# [Aim of the task]
Please write out all of the data below exactly, without including the pictures.

# [Information shown]
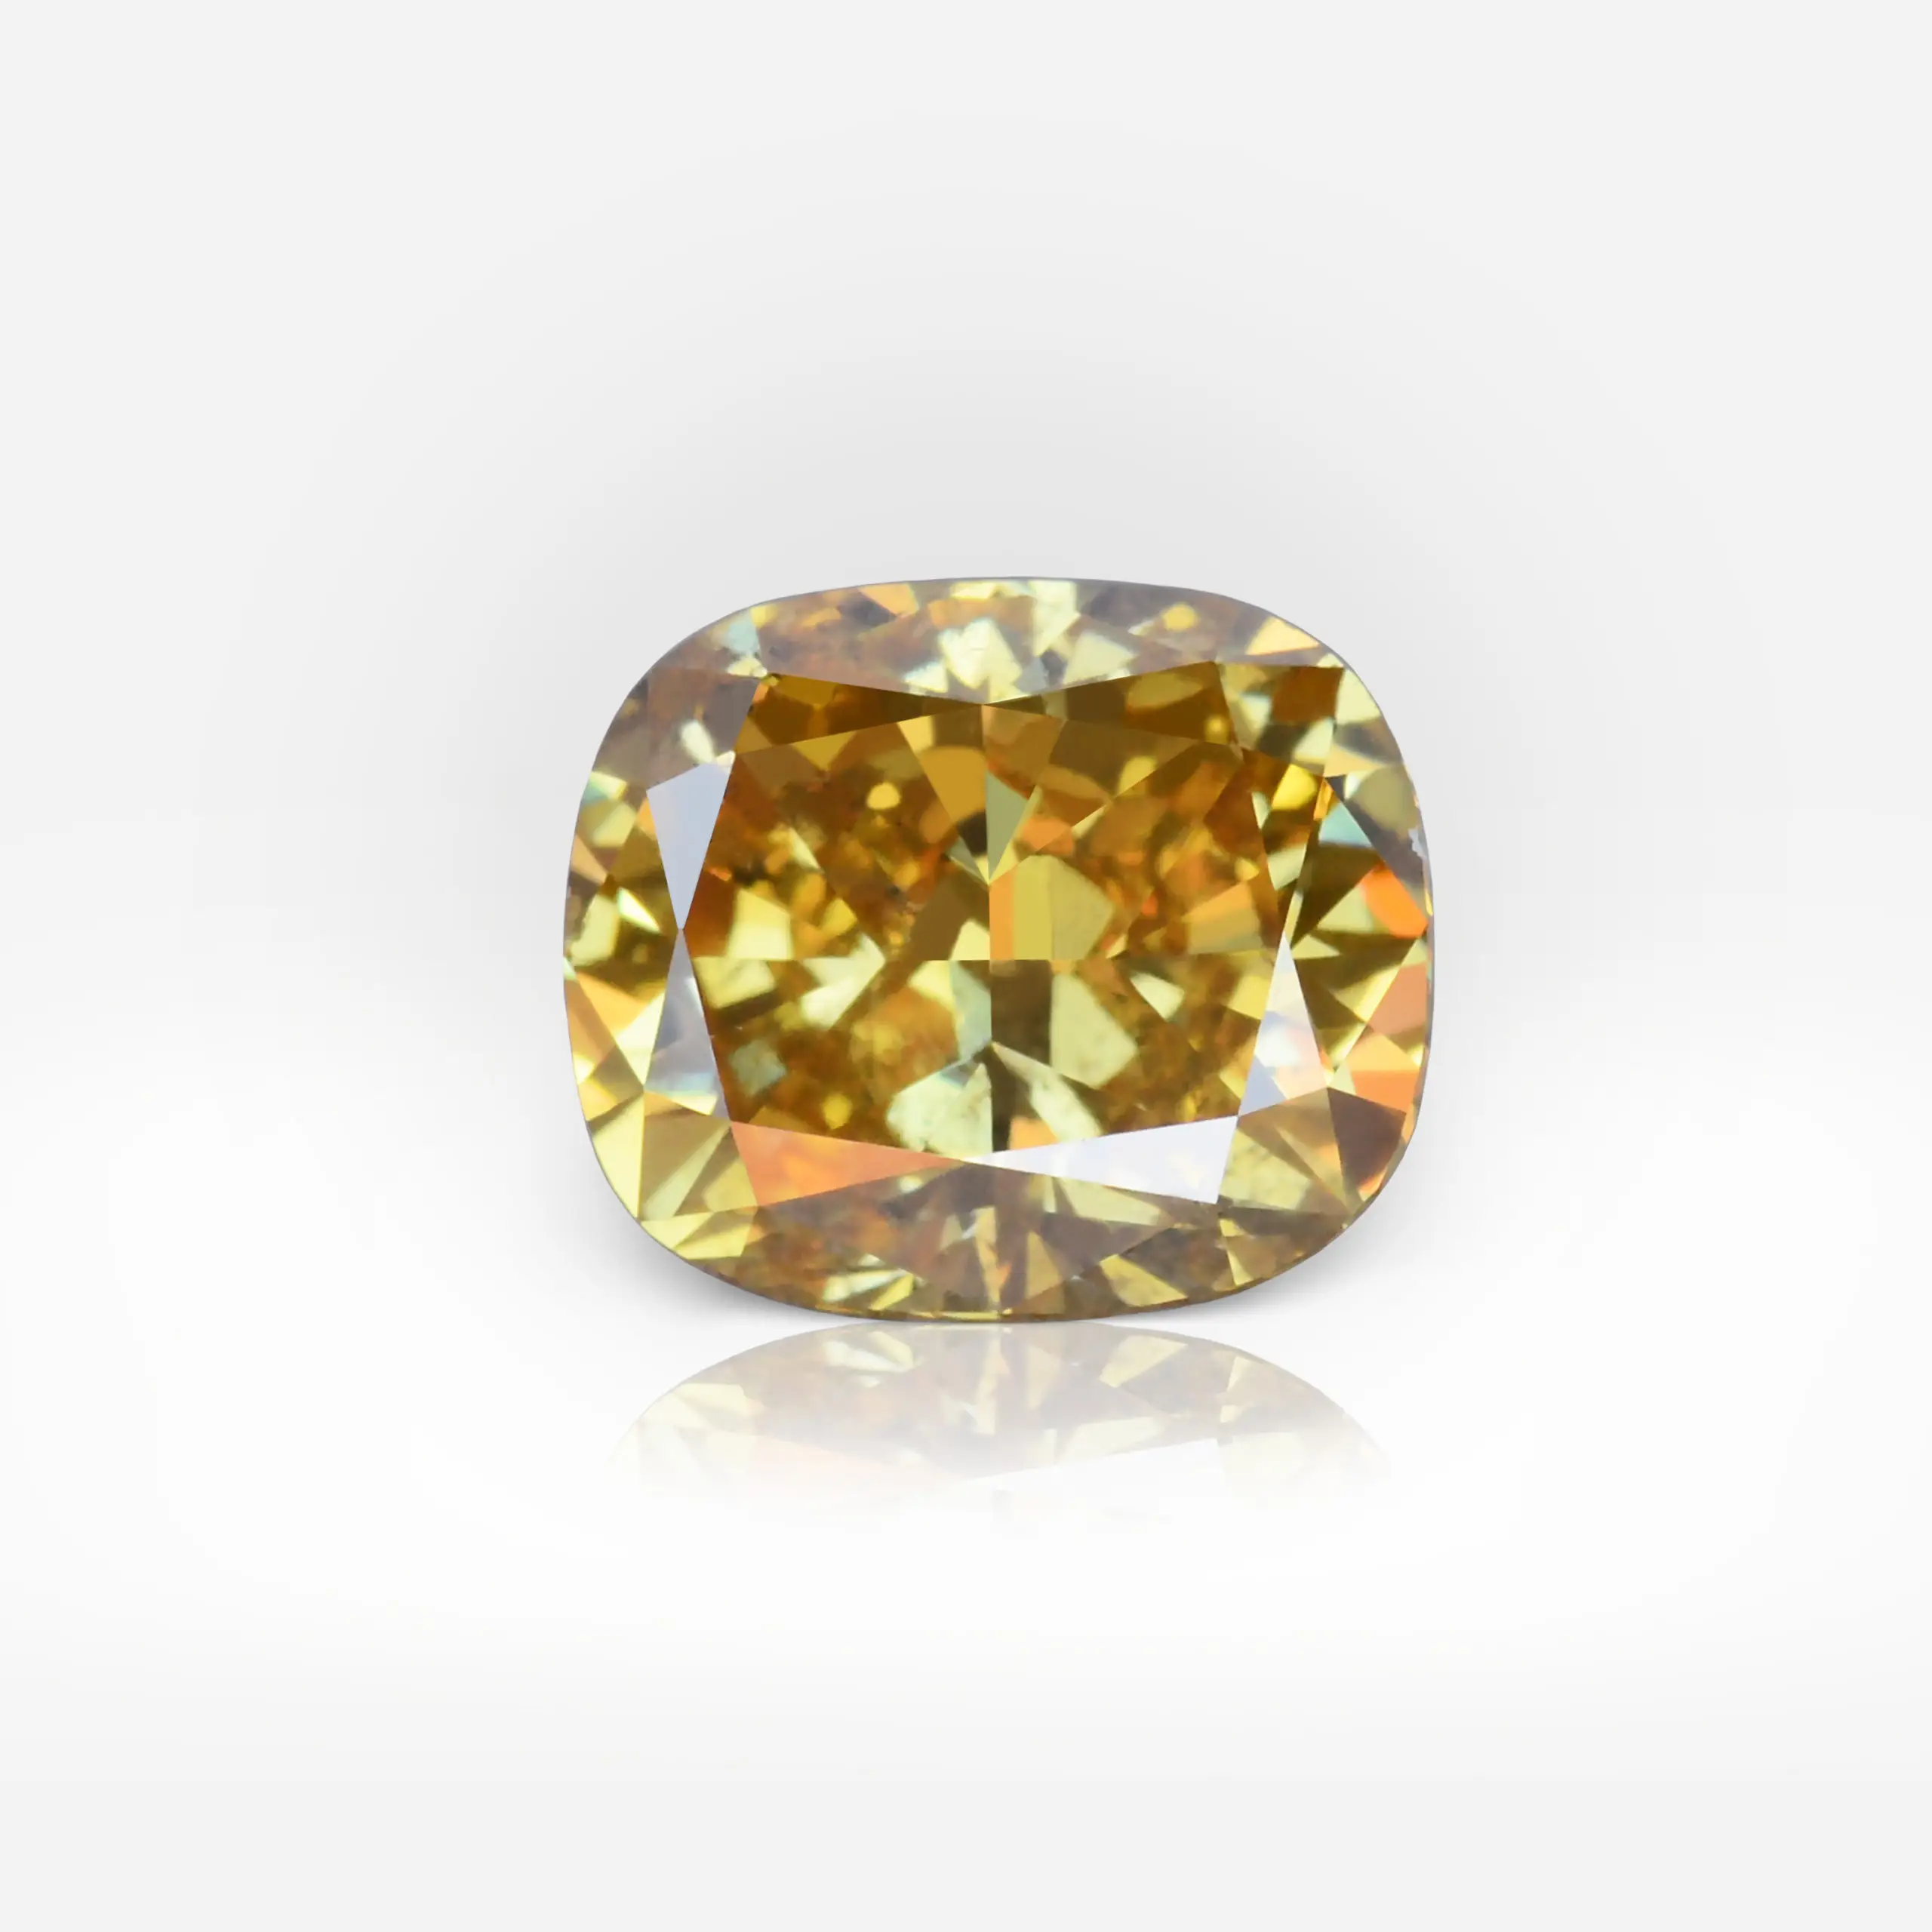 1.12 carat Fancy Deep Yellow Cushion Shape Diamond GIA - picture 1
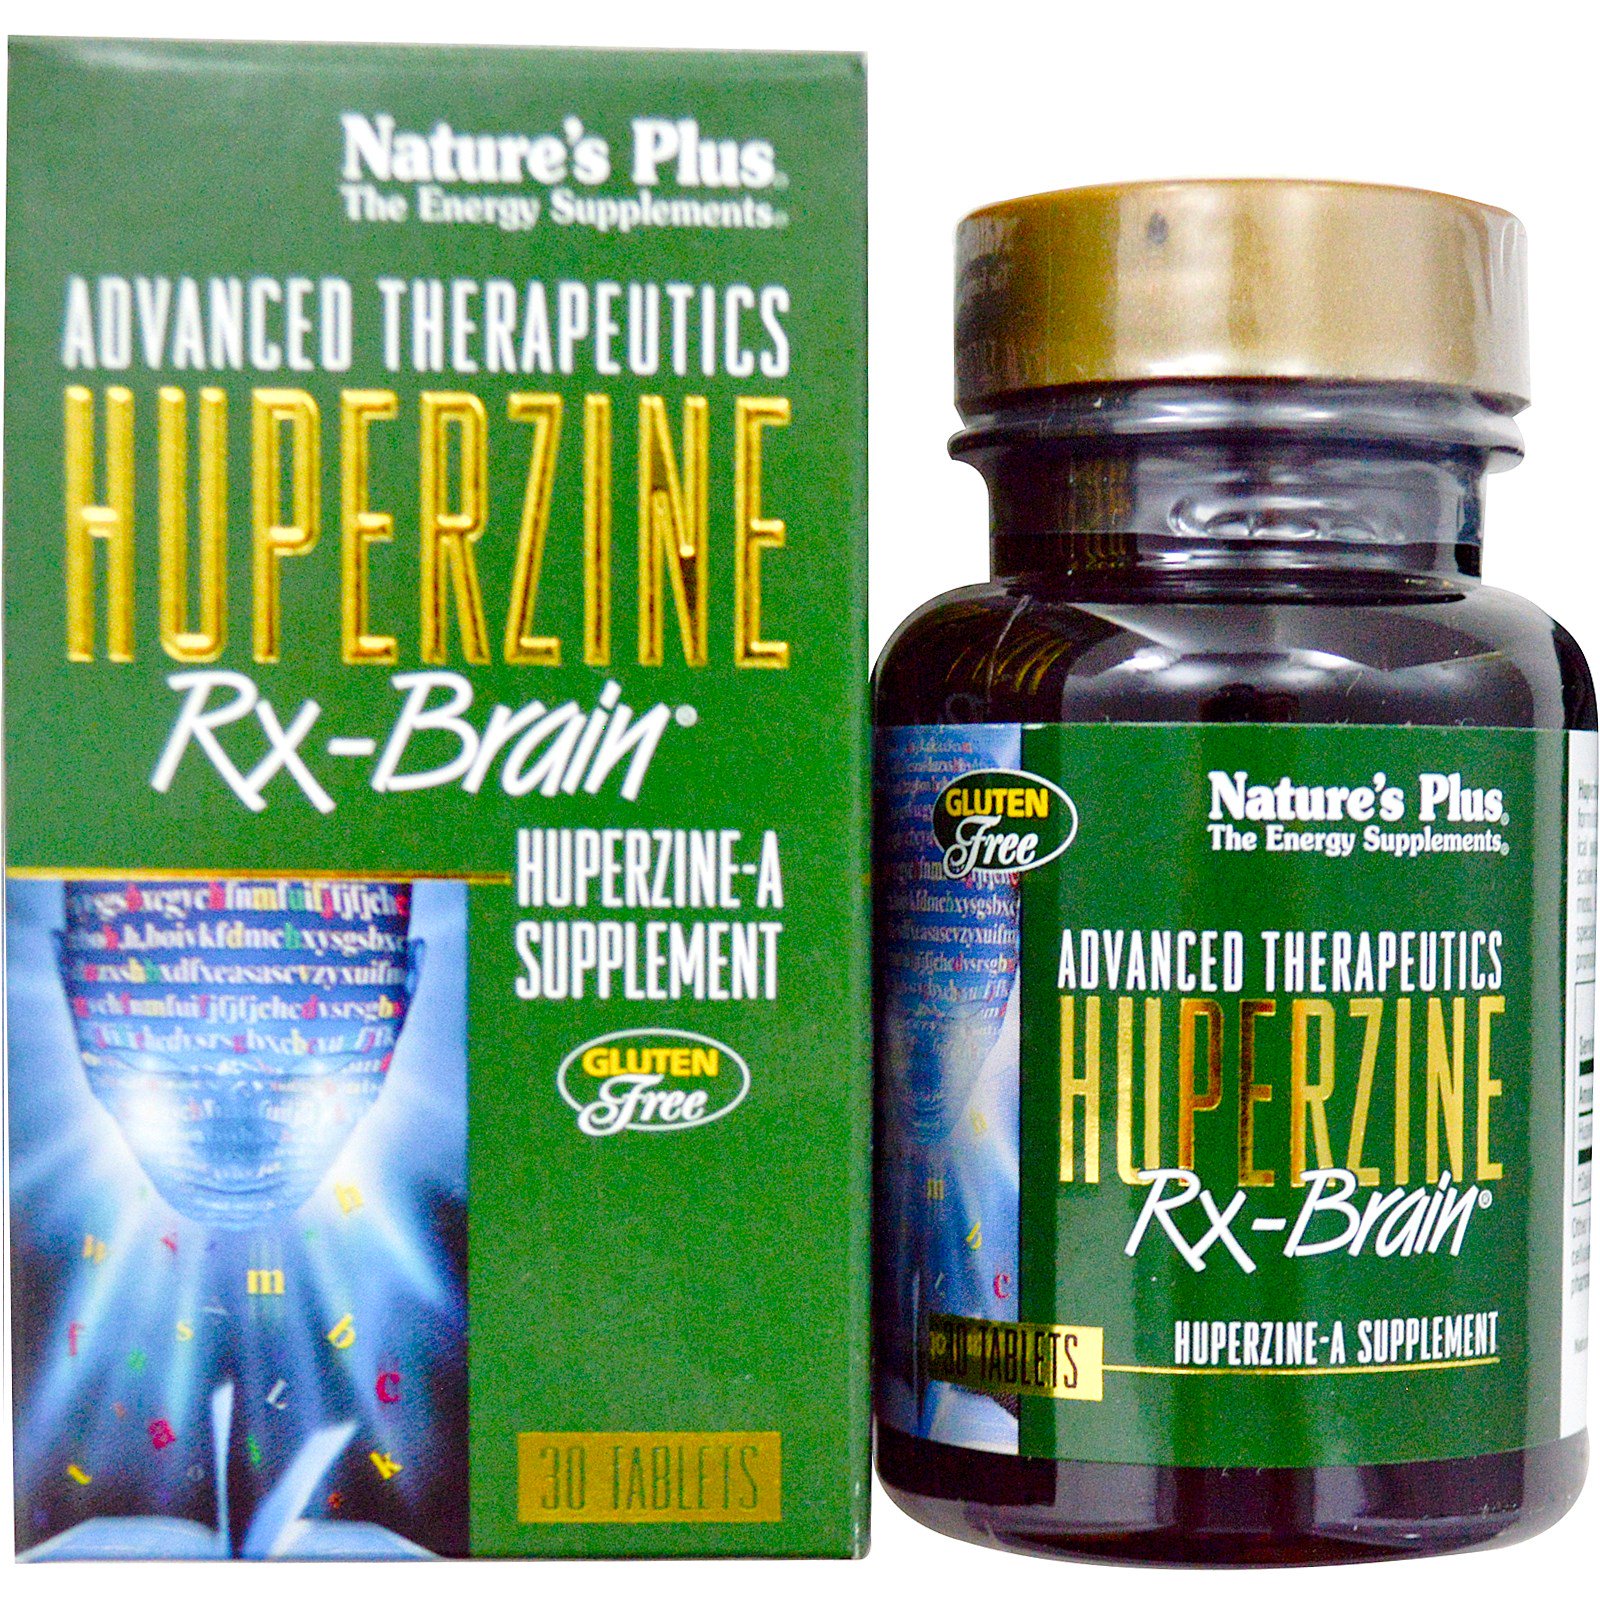 Nature's Plus, Advanced Therapeutics, Гуперзин-А для Работы Мозга, 30 таблеток
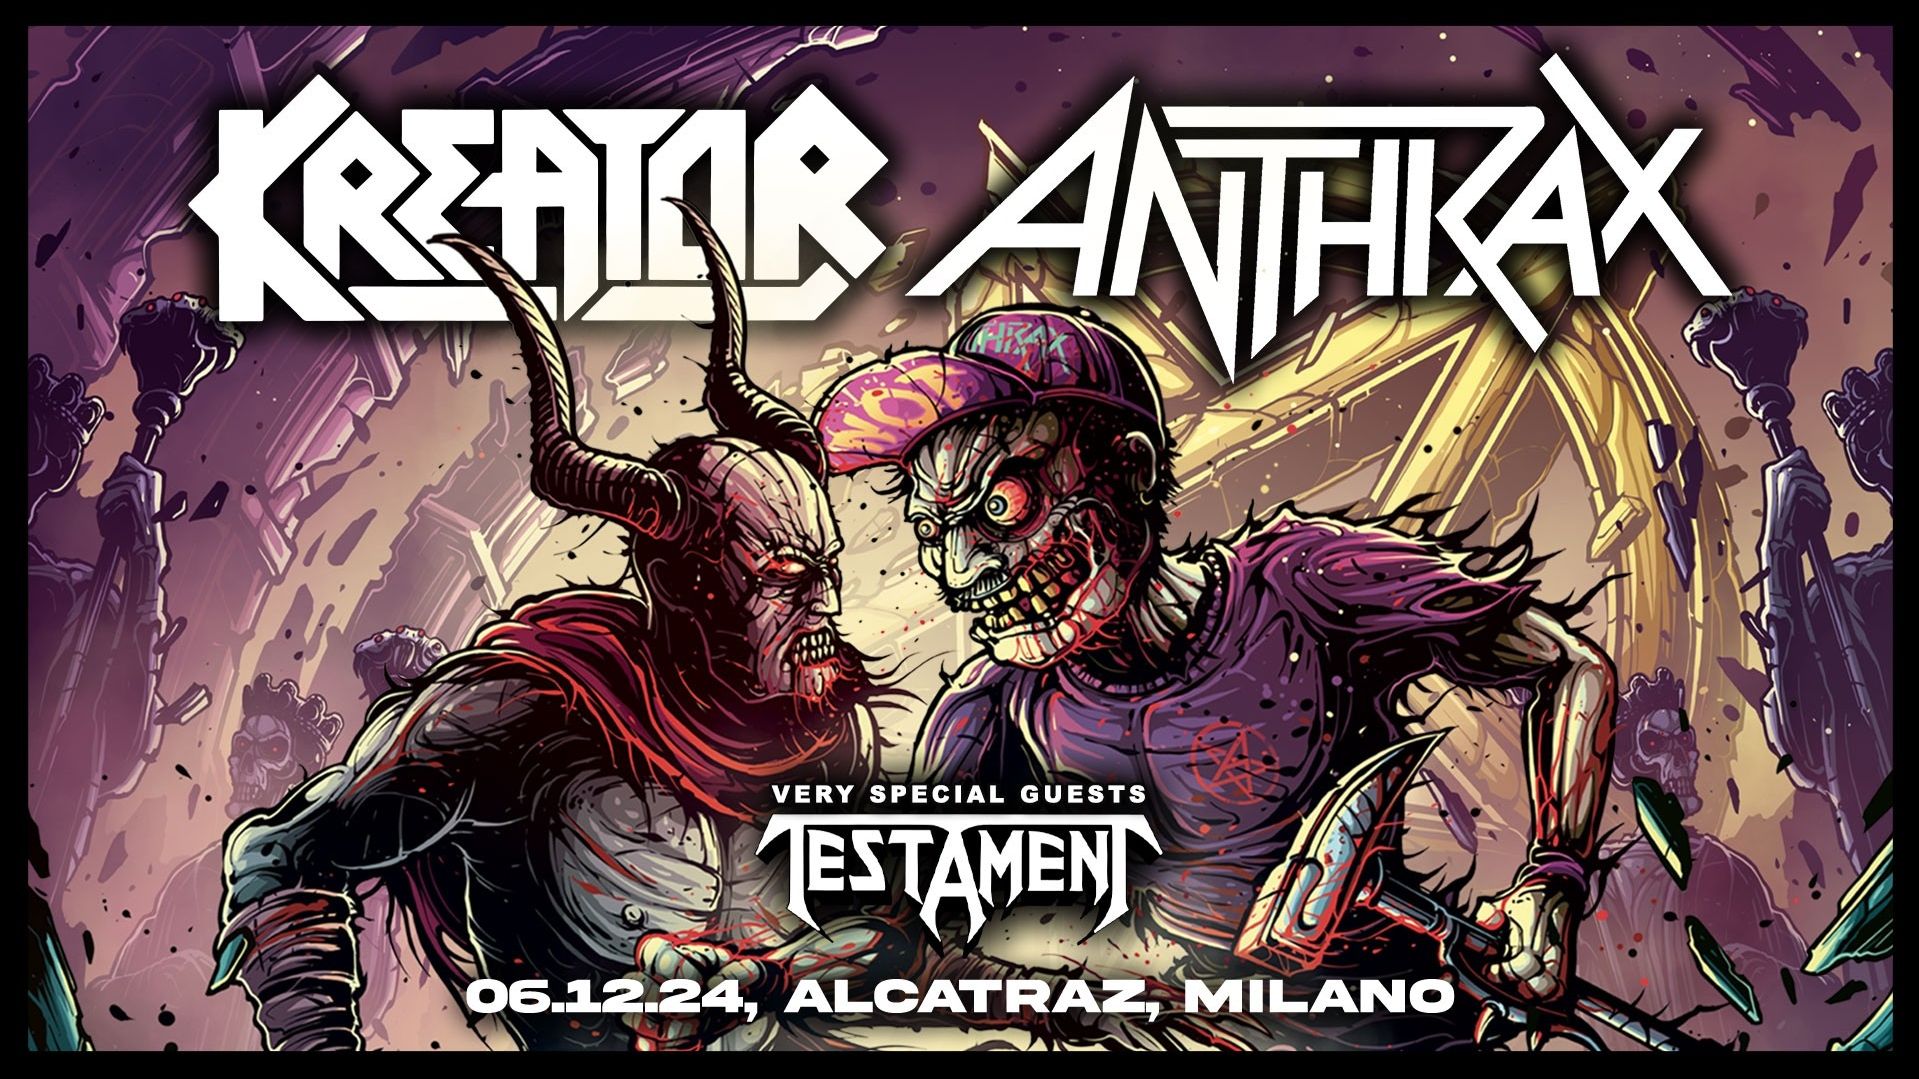 Kreator & Anthrax + Testament

# [Result of this exercise]
 1.12 carat Fancy Deep Yellow Cushion Shape Diamond GIA - picture 1
 Nature's Plus, Advanced Therapeutics, Гуперзин-А для Работы Мозга, 30 таблеток
 Kreator & Anthrax + Testament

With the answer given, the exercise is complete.